Pondok pesantren menyimpan sisi gelap. Ada banyak cerita nyeleneh yang mungkin akan membuat orang awam syok. Dari mairil hingga maling kutang.
Mojok ngobrol dengan mereka yang pernah nyantri bertahun-tahun, bahkan ada yang masih nyantri. Mereka menceritakan bagaimana hidup berjalan di pondok.
***
Bukan rahasia umum kalau di pondok ada istilah mairil dan nyempet atau nyampet. Mairil adalah istilah hubungan kasih sayang sesama jenis santri yang seringkali ditujukan kepada seseorang yang memiliki wajah tampan, imut, dan baby face (Fikri & Wardana, 2019).
Sedangkan nyempet istilah untuk menggambarkan aktivitas seksual yang oleh santri, dengan cara mengimpitkan kelamin ke paha kepada mairilnya (Fikri & Wardana, 2019). Tidak semua aktivitas ini dilakukan secara konsensual alias kebanyakan juga masuk di ranah pelecehan.
Soal mairil dan nyempet, kontributor Mojok Aly Rezapernah menuliskan pengalamannya menyaksikan homoseksualitas di pondok pesantren dalam tulisan Mairil dan Nyampet, Homoseksualitas di Pesantren yang Pernah Saya Saksikan Sendiri.

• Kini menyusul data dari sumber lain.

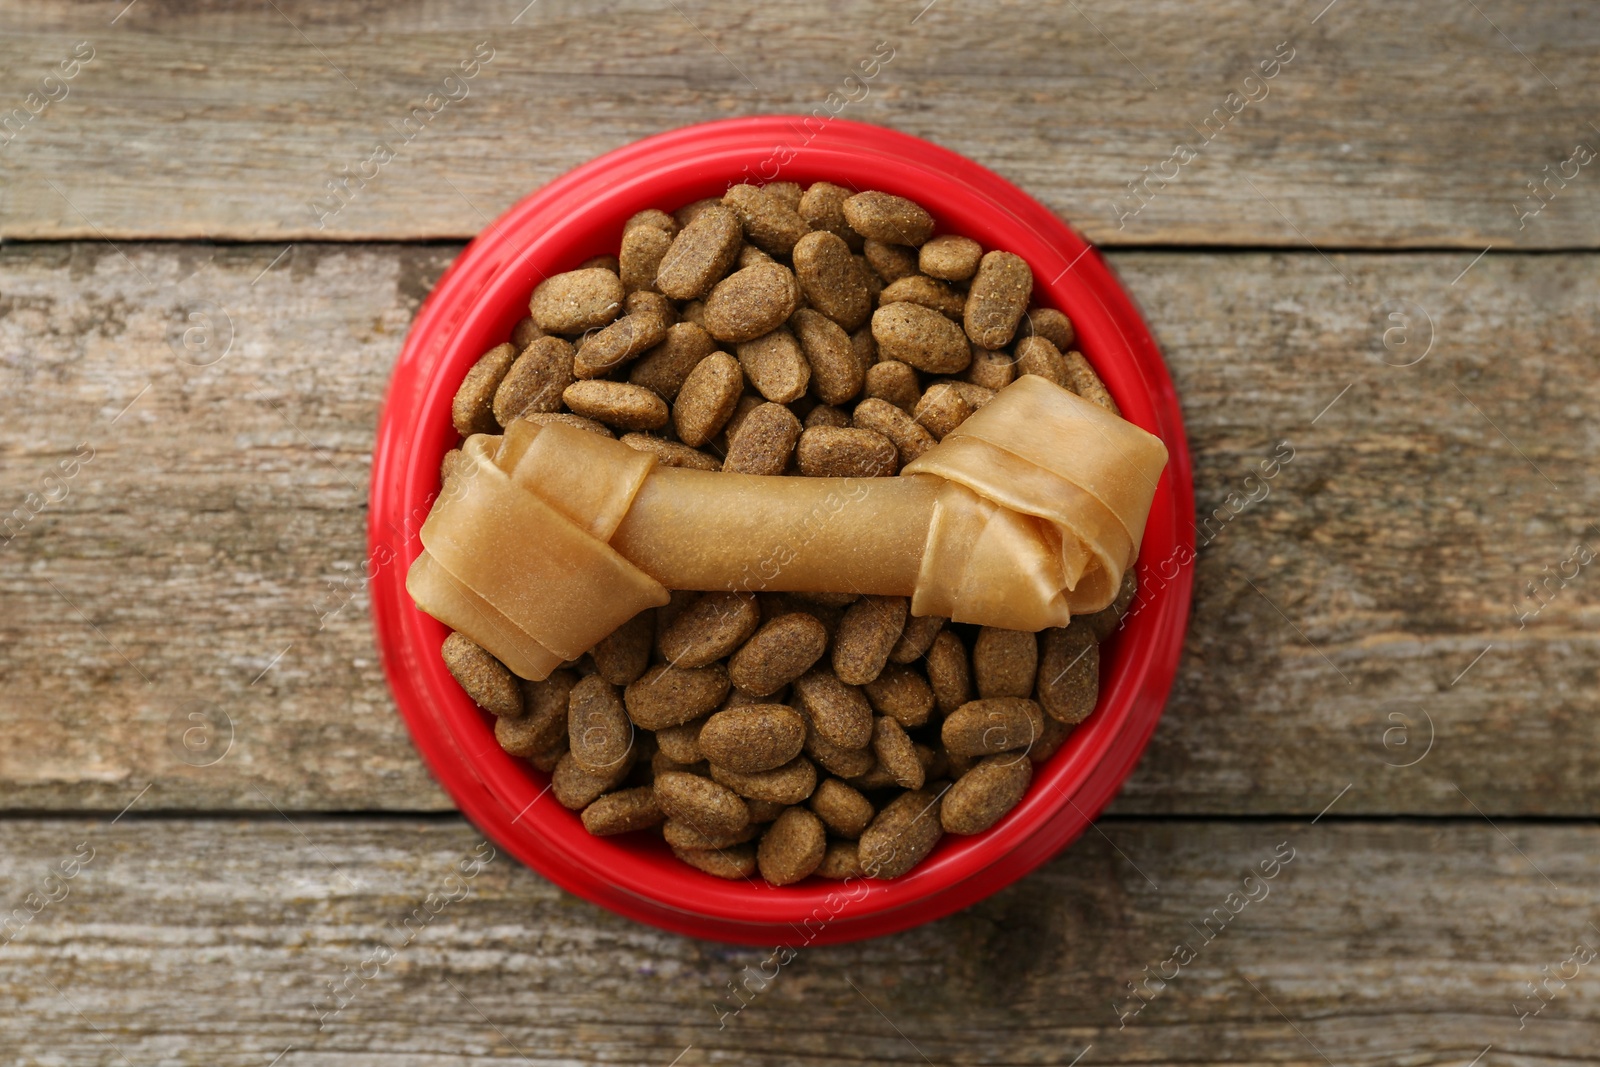 Photo of Dry dog food and treat (chew bone) on wooden floor, top view

Mairil, hubungan sesama jenis di dunia pondok pesantren yang sudah jadi rahasia umum
Nasor, sapaan akrab Indra, seorang santri yang jadi saksi mata mairil dan pelecehan yang terjadi kepada temannya. Kejadian mairil yang diceritakannya terjadi saat ia mondok di salah satu ponpes modern Mojokerto.
“Mairil itu ibarat cowok cantik. Ada beberapa anak agak menggoda-goda mairil yang cantik itu sampai dipeluk-peluk dan merangkulnya,” katanya.
Nasor mengakui, pelecehan kepada santri yang dianggap tampan dan baby face sering terjadi di pondok pesantren. Namun, hubungan sesama jenis cukup jarang di pondoknya.
Tasya, seorang santri putri yang pernah mondok 6 tahun di Ngawi mengakui kejadian serupa mairil juga terjadi di pondoknya.
Di pondoknya ada istilah tersendiri untuk menyebut mairil dan nyempet. Namun, kepada saya ia minta tak menyebutkan di tulisan ini.
Seorang teman seangkatannya ketahuan berduaan dengan kakak kelas beberapa minggu sebelum kelulusan. Mereka kedapatan melakukan perbuatan tak senonoh oleh pihak keamanan di sebuah ruang kelas. Keduanya langsung kena drop out (DO).
“Sebetulnya ini tergantung pribadi masing-masing, sih. Sejauh ini suka sesama jenis udah jadi rahasia umum di pondok,” kata Tasya.
Ia banyak menemui hubungan ‘kakak-adekan’ sewaktu nyantri. Biasanya mereka yang terlibat dalam hubungan akan punya interaksi saling perhatian bahkan mewariskan barang ke ‘adek-adekannya’.
Pelecehan seksual yang jadi urban legend
“Beberapa tahun lalu, ada teman saya jadi korban pelecehan seksual teman cowoknya. Tapi sebenarnya dia enggak mairil atau cantik. Lalu dia balas dendam ke teman yang lain,” ujar Nasor.
Saat teman Nasor tidur, pelaku memegang alat kelamin korban. Karena kaget bukan kepalang, korban menggaplok pelaku. Kasus ini jadi cerita urban legend pondoknya.
“Ponpes seringkali langsung ke hukum, artinya enggaak memperhatikan pembenahan psikologis. ‘Kamu salah, kamu tak boyong’,” akunya saat saya menanyakan bagaimana tanggapan pengelola pondok pesantren terkait mairil dan pelecehan yang terjadi.
Bukan hanya mairil atau nyempet yang ada di dunia pesantren. Ada juga santri yang mencuri kutang untuk melampiaskan hasrat seksualnya.
Tasya malah pernah jadi korban pelecehan seksual santrinya sendiri. Kala itu ia sudah lulus pondok dan sedang menjalankan pengabdian (mengajar) di pondok lain. Singkatnya ia yang jadi ustazah di pondok.
Di pondok tersebut, santri putra dan putri masih jadi satu. Asrama mereka hanya dibatasi wilayah atas untuk putri dan wilayah bawah untuk putra.